- Exercise instructions:
Give all of the data below again exactly, and drop the images.

- Data block:
* * * * * * *
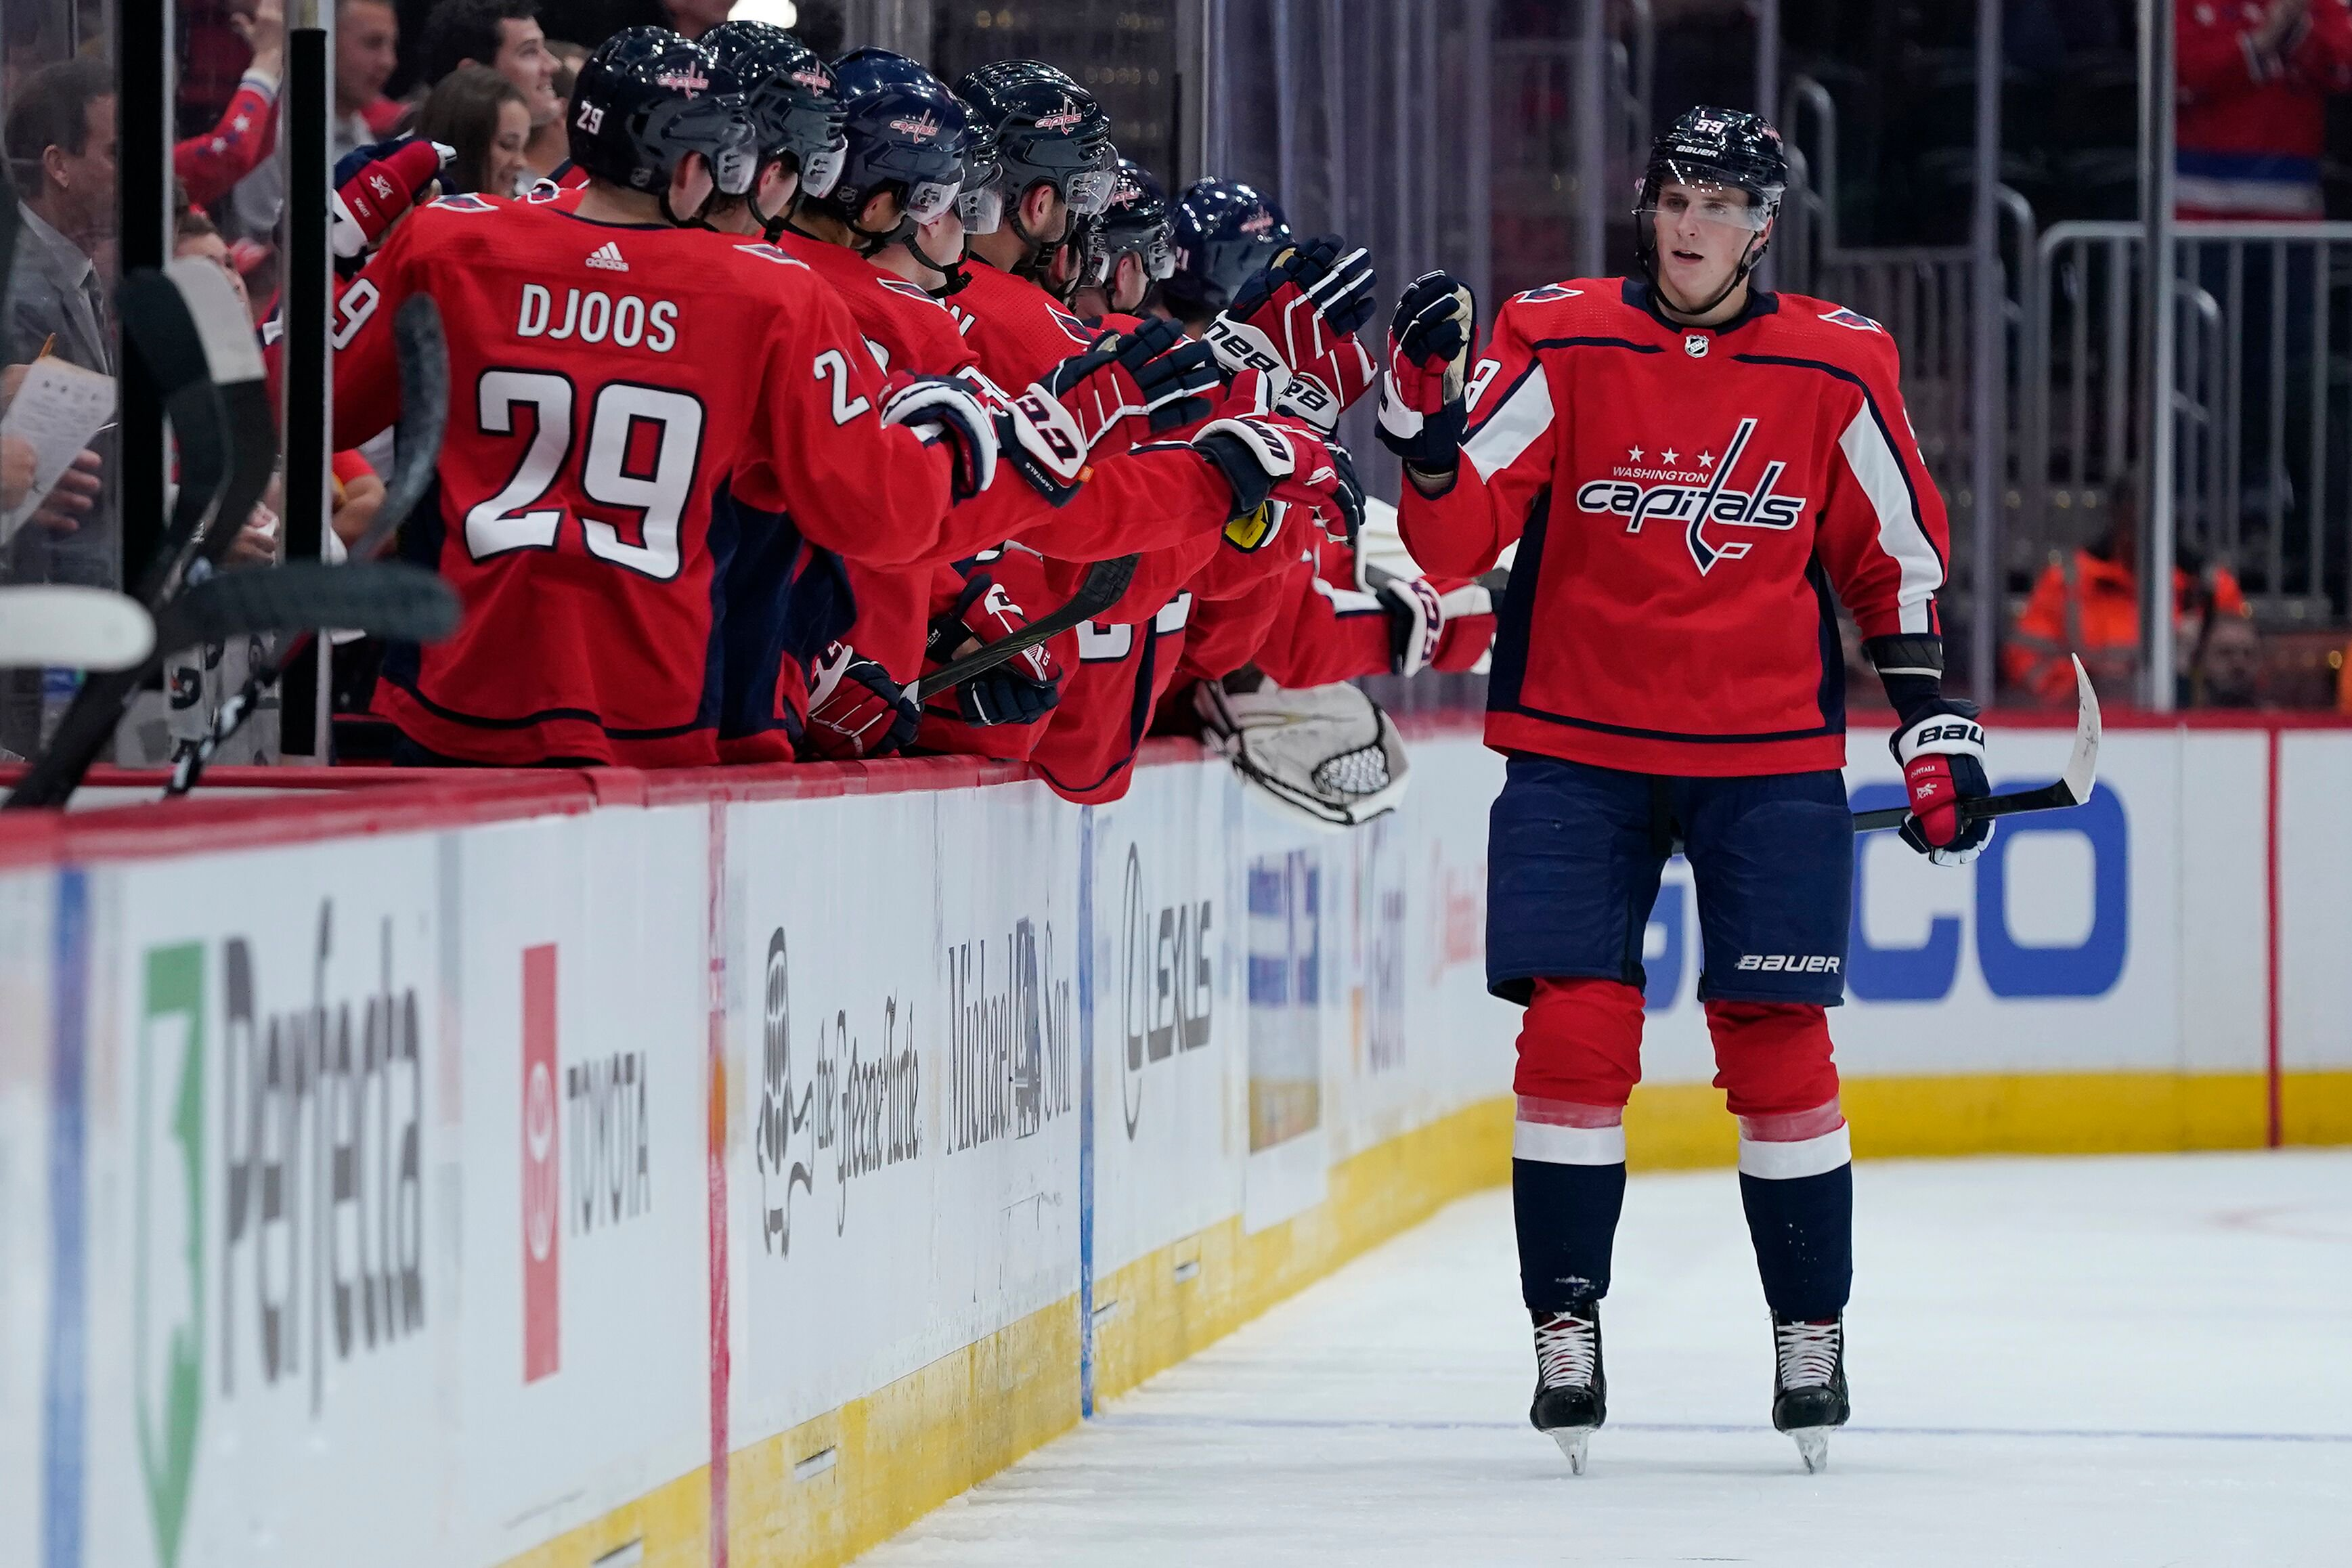 http://hockey.by/upload/iblock/6aa/6aaf7ec1645b685df382f72eb81b00b0.jpg
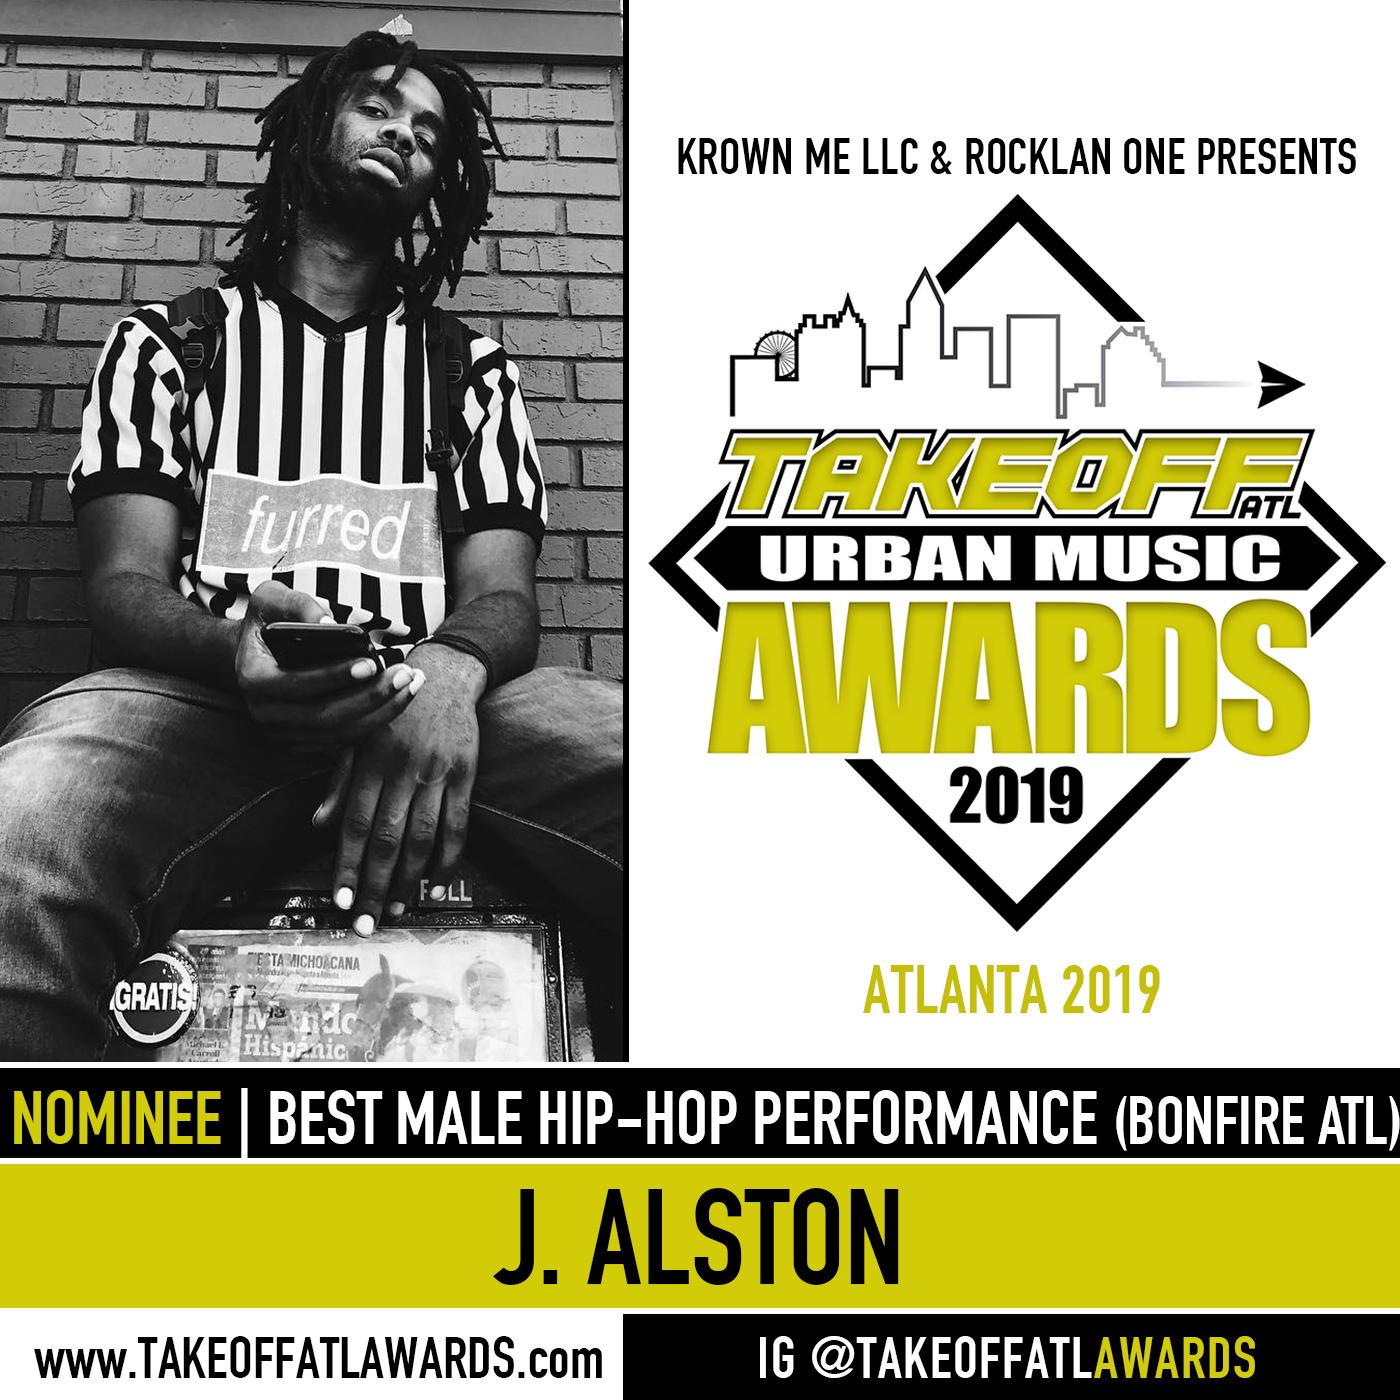 J. Alston
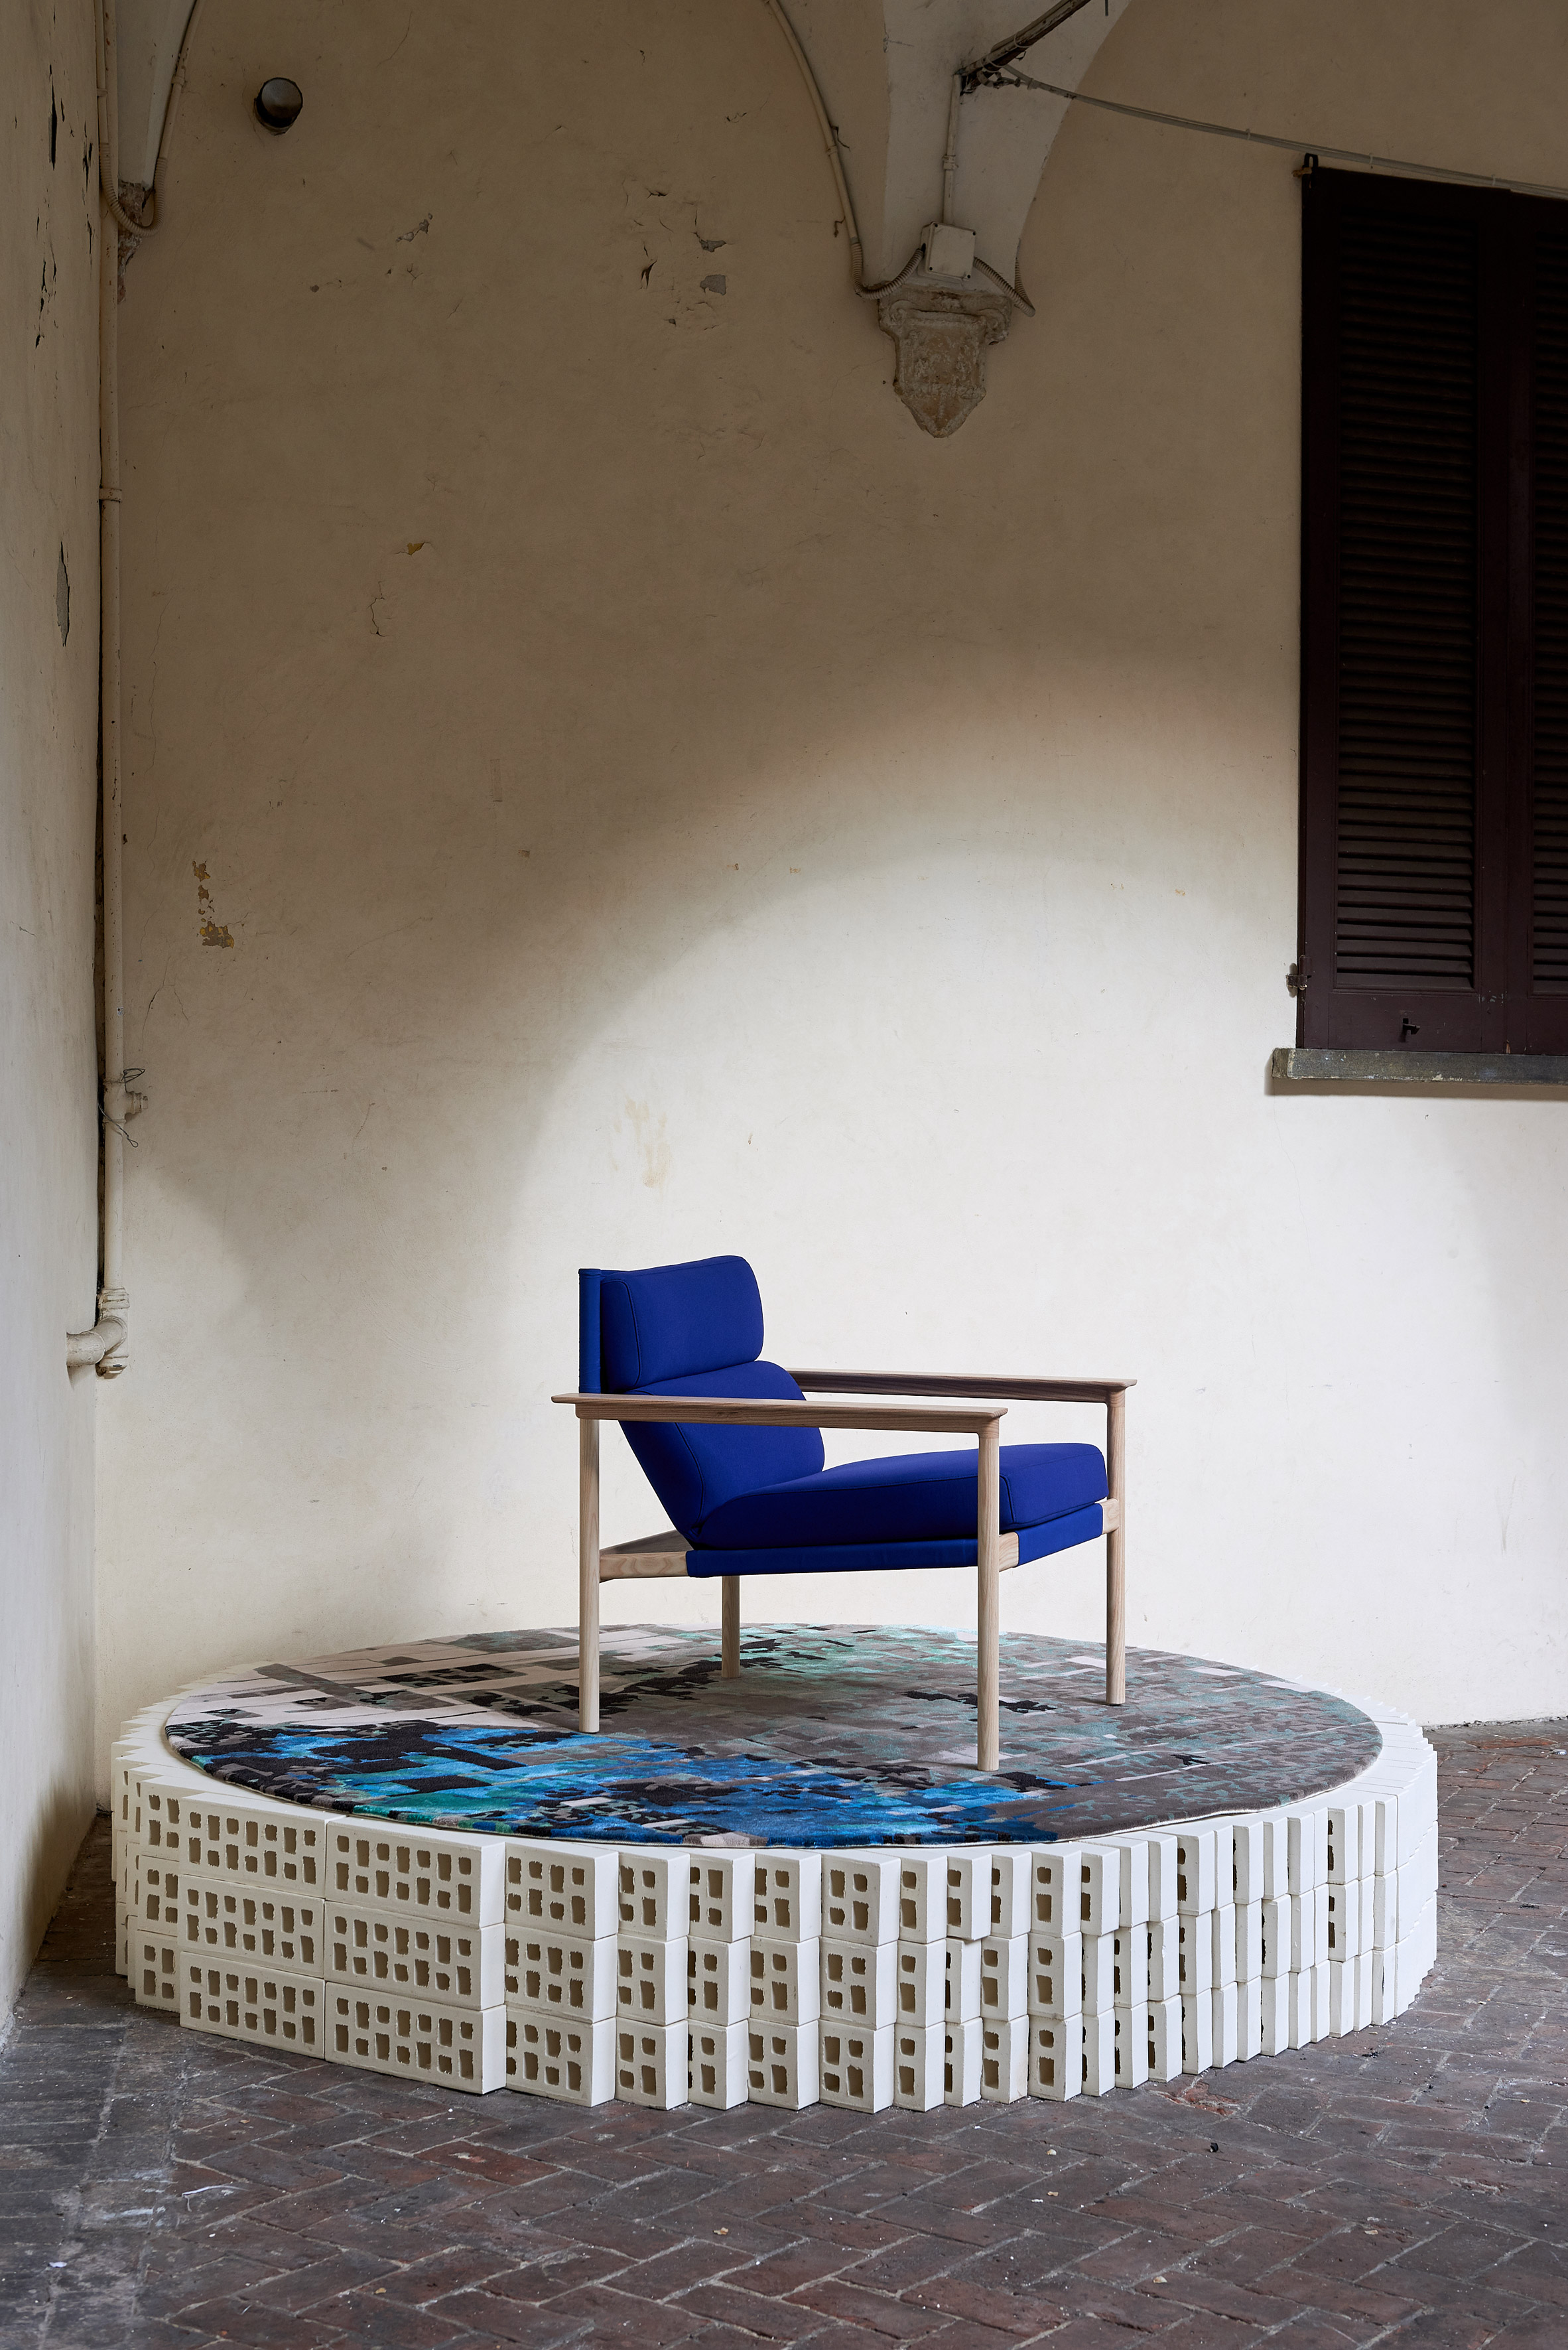 milan-local-design-australian-designers-lighting-furniture_dezeen_2364_col_4.jpg
* * * * * * *
- Task response:
 http://hockey.by/upload/iblock/6aa/6aaf7ec1645b685df382f72eb81b00b0.jpg
 J. Alston
 milan-local-design-australian-designers-lighting-furniture_dezeen_2364_col_4.jpg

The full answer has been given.